Tantangan Ekonomi Presiden Baru
Oleh : Agustianto
Slogan perubahan yang diusung oleh Susilo Bambang Yudoyono (SBY) telah berhasil secara signifikan menghantarkannya sebagai Presiden RI melalui Pemilu yang paling demokratis. Slogan perubahan yang diusung SBY, hendaknya tidak hanya perubahan politik, tetapi juga perubahan ekonomi, baik dalam tataran kebijakan maupun sistem ekonomi yang digunakan. Perubahan sektor ekonomi ini sangat penting, karena sektor inilah yang paling diharapkan masyarakat bawah untuk segera berubah ke arah yang lebih baik
Tantangan
Pemerintahan baru yang dipimpin SBY menumbuhkan harapan baru untuk perbaikan ekonomi Indonesia yang sudah tujuh tahun terpuruk. Namun, tak dapat dibantah, bahwa pemerintahan SBY menghadapi tantangan dan problem ekonomi yang sangat rumit, sebagai sisa dan peninggalan rezim di masa pemerintahan yang lalu.
Problem-problem tersebut antara lain persoalan utang yang mulai berjatuhan tempo, ancaman terhadap kesinambungan fiskal dan pembiayaan pembangunan, buruknya infrastruktur, rendahnya investasi dan pertumbuhan ekonomi yang rendah, terpuruknya sektor riel, menurunnya daya saing, serta akan masih meningkatnya angka pengangguran dan kemiskinan pada tahun-tahun mendatang
Periode SBY-Kalla merupakan periode paling kritis bagi keuangan negara, karena pada tahun-tahun itulah utang pemerintah akan jatuh tempo dengan nilai lebih dari Rp 500 Triliun. Jumlah uang jatuh tempo mulai tahun 2004 itu meliputi obligasi rekap dan bunganya senilai Rp 379 triliun dan Surat Utang Negara (SUN) pada Bank Indonesia senilai Rp 137 triliun. Total utang negara saat ini sekitar Rp 1200 triliun. Perinciannya utang luar negeri Rp 580 triliun dan utang dalam negeri sekitar Rp 620 trilun. Untuk membayar bunga saja pemerintah tahun ini harus menyisihkan sekitar Rp 60 Triliun dari APBN.

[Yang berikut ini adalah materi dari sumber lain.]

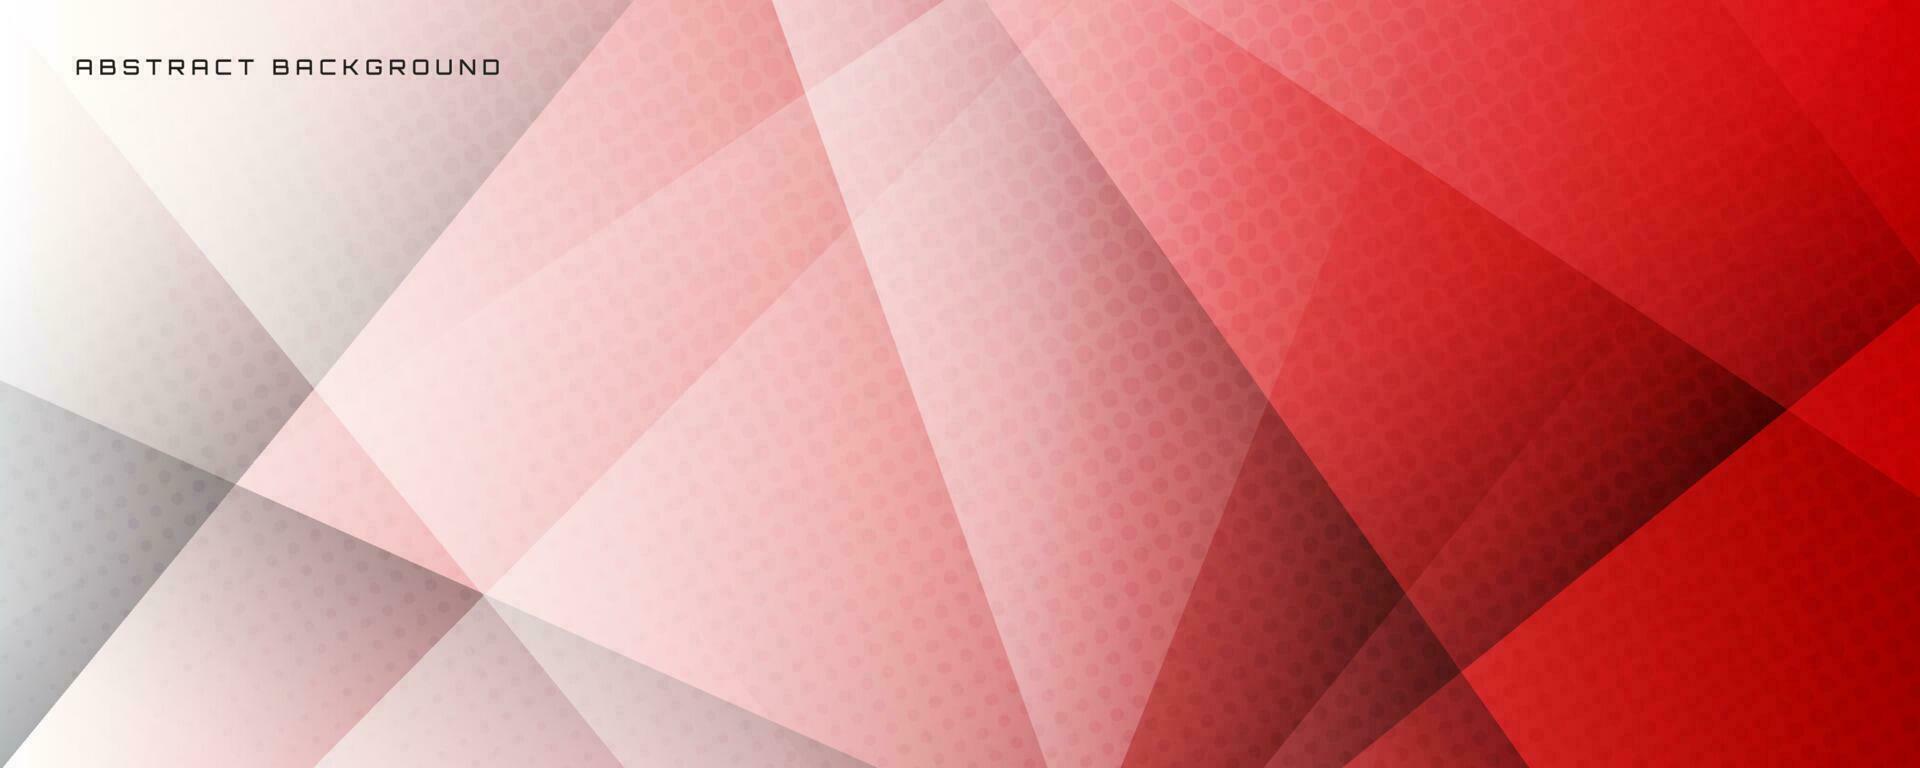 3D red white geometric abstract background overlap layer on bright space with halftone decoration. Simple graphic design element cutout effect style concept for banner, flyer, card, or brochure cover vector

Menurut data Bank Dunia, total utang pemerintah per Juni 2003, mencapai Rp 130,7 milyar dolar AS atau turun 13,4 % dibandingkan dengan angka puncaknya pada tahun 1998, yakni 150,9 milyar dolar AS. Jumlah yang dialokasikan pemerintah untuk membayar hutang bunga, membuat ekonomi Indonesia tercekik dan akan mengalami bottleneck yang parah dalam beberapa tahun ke depan.
APBN kita masih berada pada titik yang kritis, sebab faktor eksternal seperti merosotnya nilai tukar rupiah terhadap dolar AS dan naiknya harga minyak, bisa membuat beban APBN dan defisit APBN kembali membengkak, akibat ikut membengkaknya subsidi bahan bakar minyak (BBM) dan pengeluaran pemerintah yang terkait dengan luar negeri.
Oleh karena itu, kesinambungan fiskal ke depan sangat tergantung kepada kelihaian pemerintahan SBY memenej utang, mereformasi sektor penerimaannya dan memangkas pengeluaran yang tidak perlu. Memangkas pengeluaran hendaknya didasarkan pada tingkat kebutuhan dasar dengan menggunakan teori maqashid syari’ah sebagaimana yang dirumuskan Oleh Asy-Syatibi dan Al-Ghazali. Mereka membagi kebutuhan manusia pada tiga tingkatan, yaitu dharuriyat, hajiyat dan tahsinat.Kebutuhan pertama harus didahulukan dari kebutuhan kedua. Kebutuhan pertama bersifat mutlak dan dharurat (mesti), seperti pangan, sandang, papan dan pendidikan. Artinya kebutuhan paling dasar rakyat Indonesia harus didahulukan dalam pengeluaran APBN. Alokasi-alikasi lainnya di luar kebutuhan dasar harus dipangkas, kecuali kebutuhan dasar rakyat telah terpenuhi. Apalagi kebutuhan tahsinat yang masih banyak menghiasi pengeluaran APBN, harus dipangkas lebih dahulu, seperti pembangunan proyek-proyek yang bernuansa mercusuar.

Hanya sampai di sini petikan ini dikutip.